Altered Notch signaling in Dowling-Degos disease: Additional mutations in POGLUT1 and further insights into disease pathogenesis

Damian J Ralser 1, Hideyuki Takeuchi 2,3,4, Günter Fritz 5, F Buket Basmanav 1,6,7, Maike Effern 8,9, Sugirthan Sivalingam 1, Laila El-Shabrawi-Caelen 10, Ece N Degirmentepe 11, Emek Kocatürk 11, Manuraj Singh 12, Nina Booken 13, Natalia M K Spierings 14, Viktor Schnabel 15, Andre Heineke 16, Jana Knuever 17, Sabrina Wolf 1, Maria Wehner 1, Michael Tronnier 16, Martin Leverkus 18,19, Iliana Tantcheva-Poór 17, Jörg Wenzel 20, Vinzenz Oji 21, Cristina Has 22, Michael Hölzel 8, Jorge Frank 15, Robert S Haltiwanger 2,3, Regina C Betz 1,*
PMCID: PMC6431572  NIHMSID: NIHMS1521008  PMID: 30414910

To the Editor,

Dowling-Degos disease (DDD; MIM 179850, 615327, and 615696) is a rare autosomal-dominant hereditary pigmentation disorder. Affected individuals present with varying degrees of progressive reticulate hyperpigmentation, primarily affecting the flexures, large skin folds, trunk, face, and extremities. Genetic research has identified associations between DDD and mutations in KRT5 (Betz et al., 2006), POFUT1 (Li et al., 2013), POGLUT1 (Basmanav et al., 2014), and PSENEN (Ralser et al., 2017). Mutations in these genes, which are implicated in Notch signaling, underlie clinically and histologically distinct DDD subtypes (Basmanav et al., 2015, Betz, 2017, Ralser et al., 2017).

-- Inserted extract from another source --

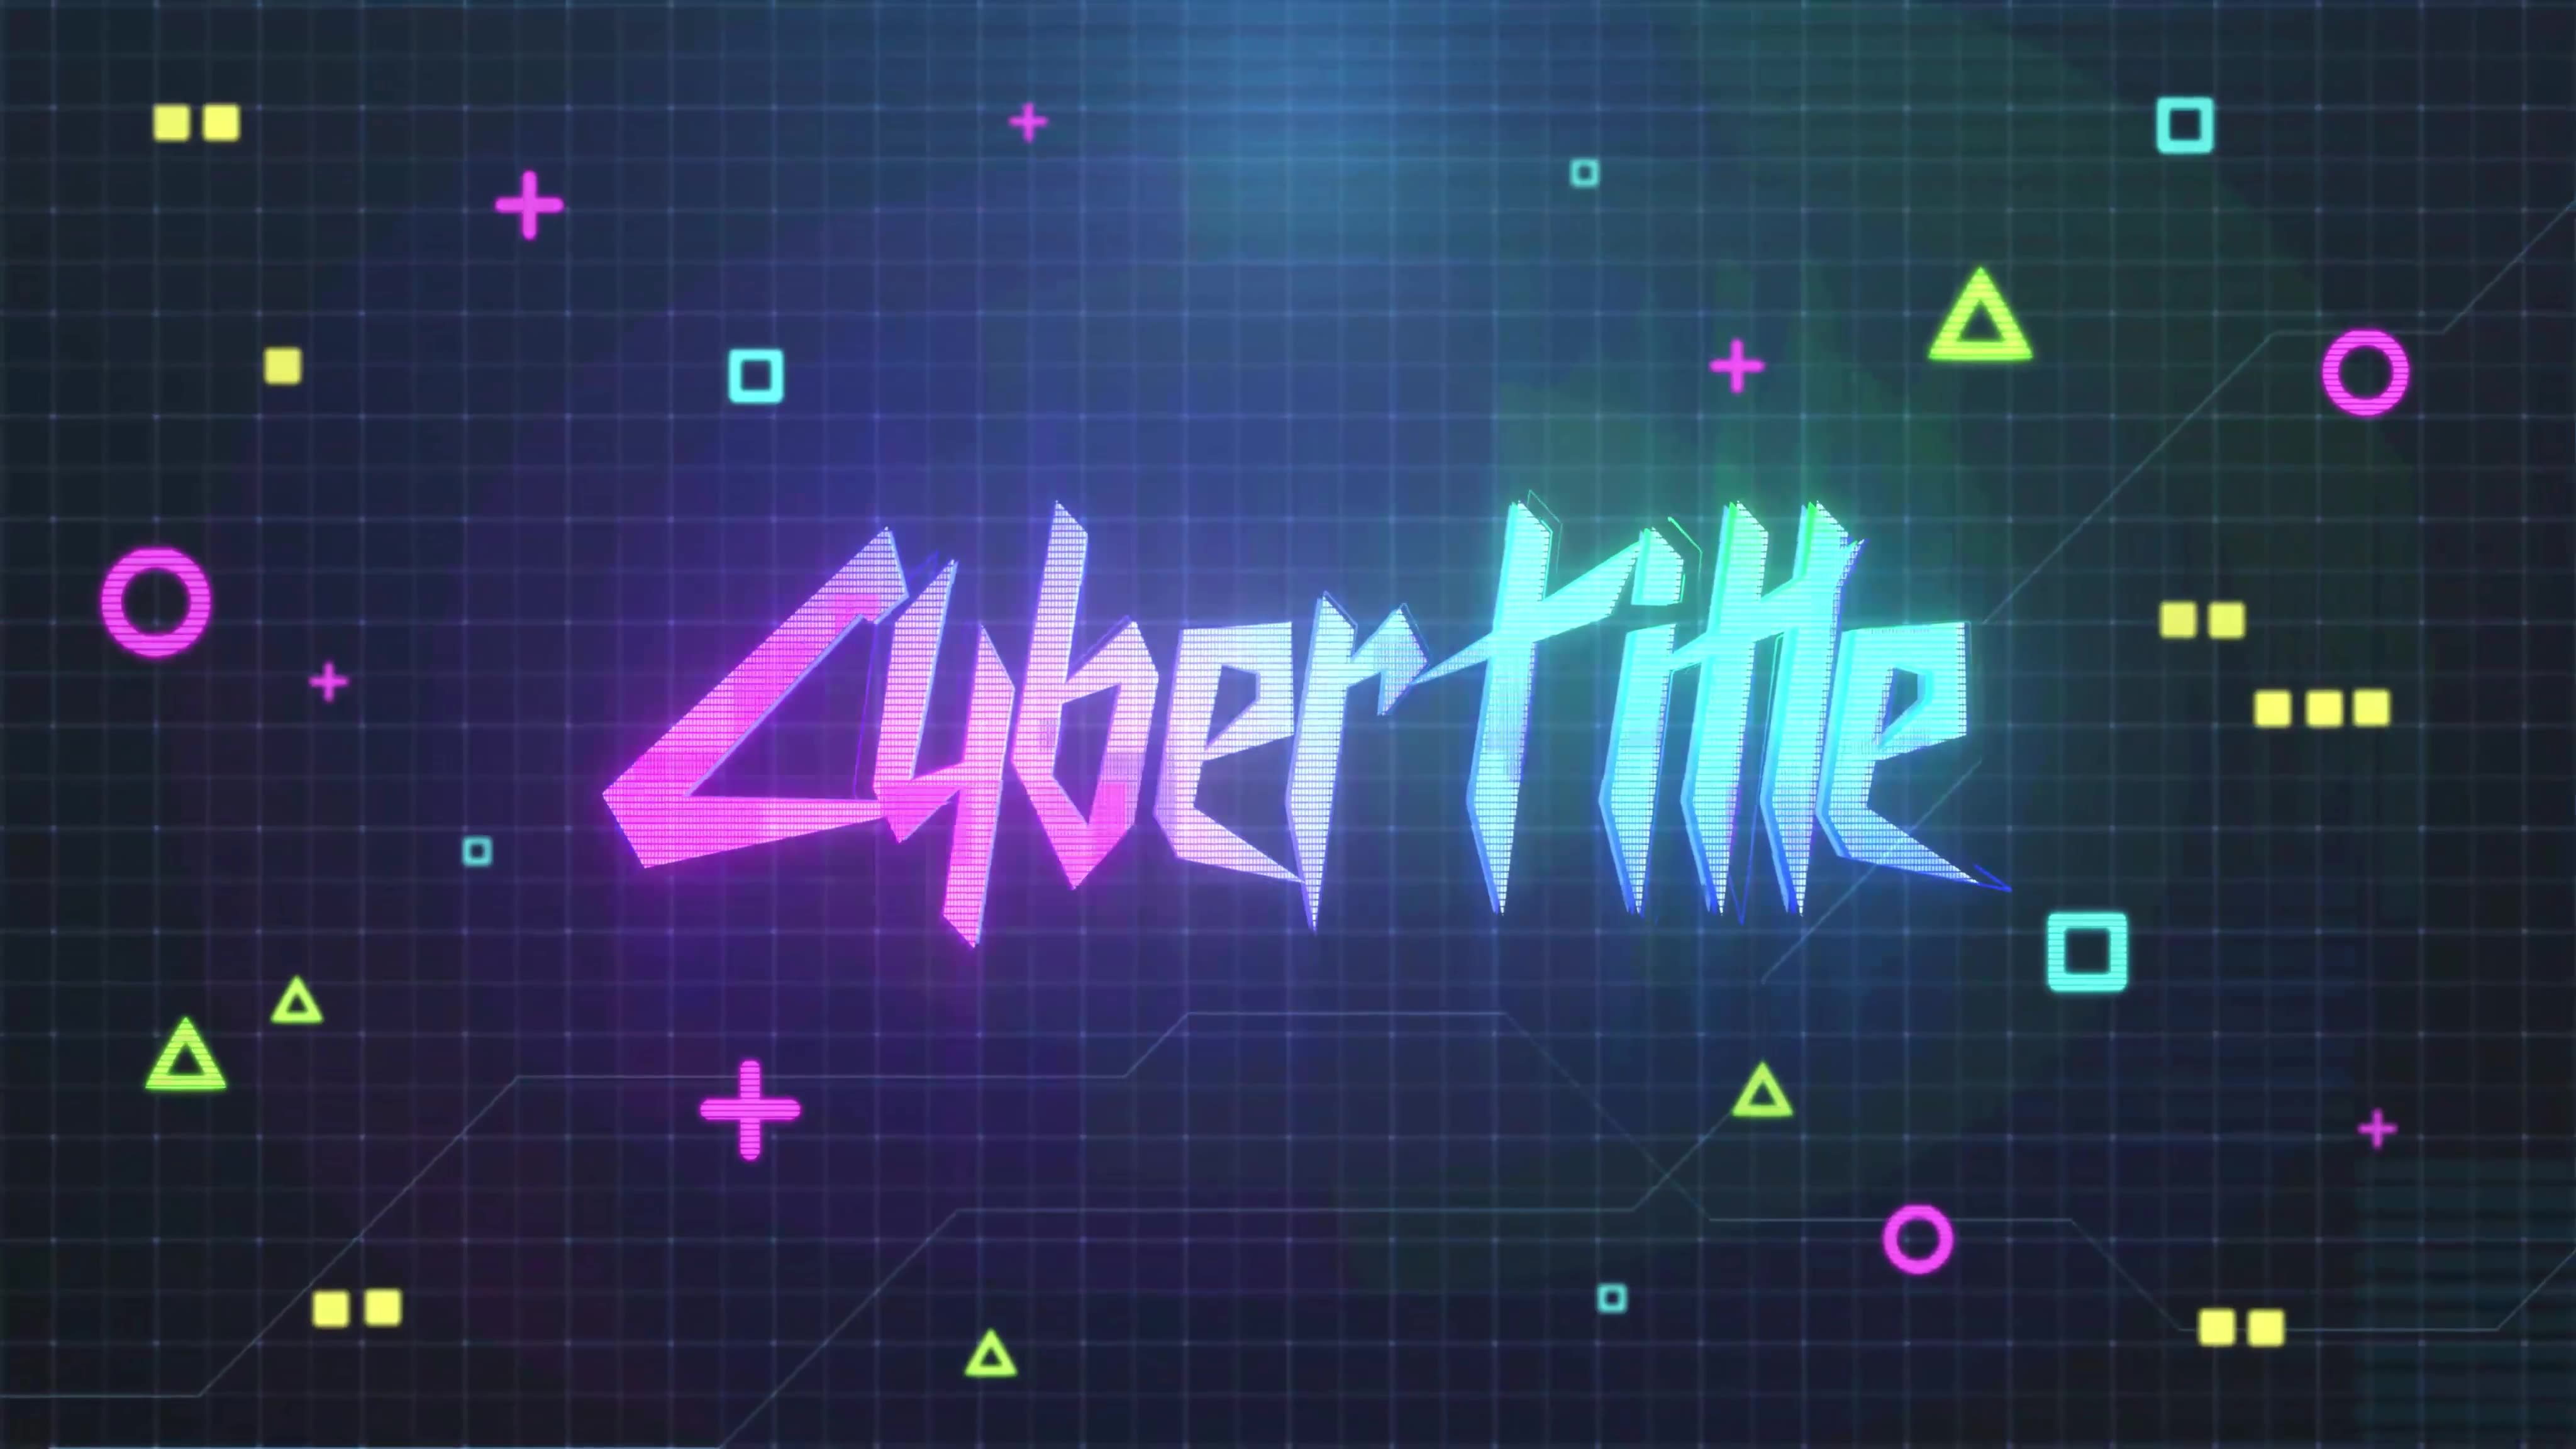 cyberpunk logo after effects download

Following our identification of POGLUT1 mutations in DDD (Basmanav et al., 2014), we studied additional DDD patients. Ethical approval was obtained from the ethics committee of the Medical Faculty of the University of Bonn. All participants provided written informed consent prior to blood sampling. The study was conducted in accordance with Declaration of Helsinki principles. All participants were examined and sub-phenotyped by a dermatologist, as suggested previously (Basmanav et al., 2015, Betz, 2017). The predominant presentation was reticulate hyperpigmentation confined to the non-flexural areas of the body, in particular trunk and extremities (Figure 1a-h, Supplemental Table 2). All patients agreed to the publication of their photographs.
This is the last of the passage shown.